Thunder Bay

Audrey's Story examines justice for MMIWG through an Anishinaabe lens

In the documentary Audrey’s Story, Jolene Banning shows the labour and the heartache that went into discovering how provincial police failed to properly investigate the death of her aunt.

Short film about Audrey Anderson's 1972 death in Sioux Lookout, Ont. opens ImagineNATIVE filmfest

In the documentary, Audrey's Story, Anishinaabe storyteller Jolene Banning shows the hard work and the heartache she experienced while seeking the truth about her aunt, Audrey Anderson, who was killed near Sioux Lookout in 1972. (Sean Stiller/Audrey's Story)

Indigenous people are doing more than their share of the work needed to uncover the true history of Canada and the racial injustice at its core, according to Anishinaabe storyteller Jolene Banning.

In the documentary, Audrey's Story, Banning shows the labour and the heartache that went into discovering how provincial police failed to properly investigate the death of her aunt.

"For me to have Audrey's story out there is a truth, a truth for my family," Banning said. "What I hope comes of this is that other people try to learn the truth, as well."

Audrey Anderson was a teenager who dreamed of becoming a nurse and buying a house big enough to share with all of her siblings. She was killed in 1972 near Sioux Lookout, Ont. For more than 40 years, Anderson's death was classified as an accident. In 2018, in response to the family's advocacy, police reopened the investigation.

This photo of Audrey Anderson, 19, (left) along with her younger sister Norma was taken just a few weeks before Audrey died in 1972. (OPP)

Audrey's Story opens the ImagineNATIVE Film Festival on Tuesday night and shines a compassionate light on the difficult path Audrey's family traveled to achieve that measure of justice. 

"They say that justice is blind, but when it comes to Indigenous people, there is no justice for us and I hope that that comes across," Banning said. "And I hope other Indigenous families see this film and realize that there is a resource for them to get their family answers."

Help for families of MMIWG

That resource is Ontario's Family Information Liaison Unit (FILU), created within the Ministry of the Attorney General. It is staffed by Indigenous community members who help families of missing and murdered indigenous women and girls access court documents, police investigations and coroner's reports. It also provides cultural support as families cope with what those documents reveal.
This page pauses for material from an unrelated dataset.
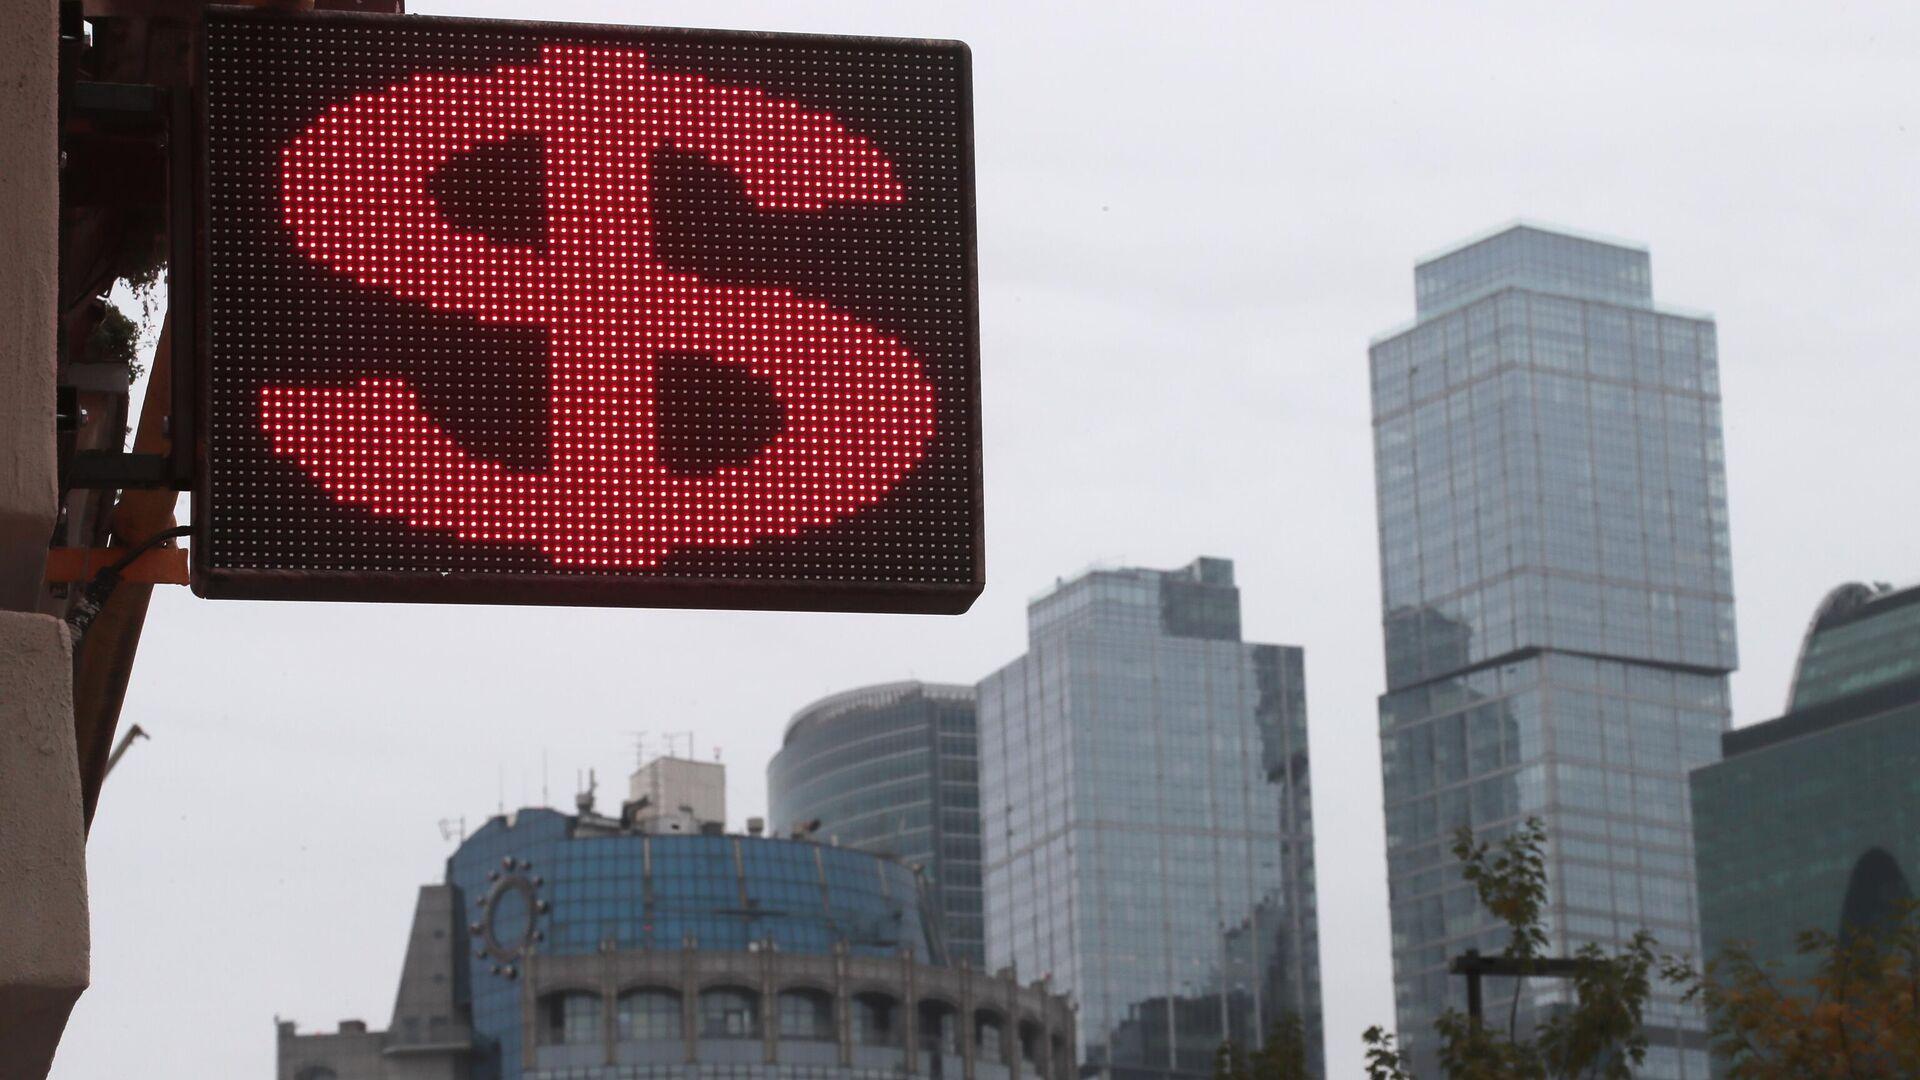 Электронное табло с курсами валют на одной из улиц в Москве - РИА Новости, 1920, 19.06.2021

The film's director, Michelle Derosier, also had experience with the liaison unit before making Audrey's Story. A liaison worker helped Derosier look into the 1976 death of her own grandmother, near Dryden, Ont.

"I think about other families that they might find the courage, if they so wish, to ask questions and to know that they have a right to ask questions and they have a right to answers about what happened to their loved ones," she said. "It doesn't matter when, a lot of the cases are 30, 40, 50 years old or even older.That's such a long time of not knowing."

"Not knowing truths is very damaging, not only for Indigenous people but non-Indigenous people too," Derosier added. "We're starting to see that now, with Indigenous people and Black people and our relationship with the state, the police state. There's something very wrong."

In the film, the coroner and the police admit that racism played a role in their faulty initial investigations and false conclusions about the manner of Anderson's death. The investigation remains open and no one has ever been charged.

Banning sees a connection between what happened to her aunt and current events involving police and Indigenous peoples.

"It's us and them. Just take a look at what's happening in Nova Scotia right now with the Mi'kmaq and lobster fishing … and RCMP are standing by and just watching," she said. "How is that justice? How are we being protected? 

"This is our constitutional right to be on this land, to live on this land," Banning said. "And here's my aunt just trying to grow and thrive, at 19 years old, and she's taken, brutally and my family is left with no acknowledgement of their pain, no acknowledgement of the loss of their daughter, being treated like garbage."

Another path to justice

For now, there is a sense of justice in the police and coroner admitting they were wrong and acknowledging the pain they caused, Banning said. 

In the film, Derosier also puts the focus on another way forward.

"When I started to talk to Jolene's family about Audrey, one of the first things that struck me was that she loved the land, [Audrey] had a relationship with the land and almost 50 years later, I see Jolene and she's nurturing that relationship," Derosier said as the two visited a lake at Fort William First Nation, just before the film's premier.

"So those things are part of our justice, that's part of how we are going to move forward," Derosier said. "That incredible power and love and sense of place that both Audrey and Jolene had and still have. That's it."

Then Banning flips the lens back to those who may be watching the film.

"Indigenous people are trying so hard, we're always learning the truth of our history, the truth of where we come from and how it came to be and I think it's about time the other side learned the truth as well," she said.

"It can't always be us learning and then teaching and then being denied that. I mean every inquiry we have, every report we have, we already know the truth. But the other side, the settlers, are refusing, or not wanting to learn," she added.

"I think that needs to change because this is all of our truths. This is Canada."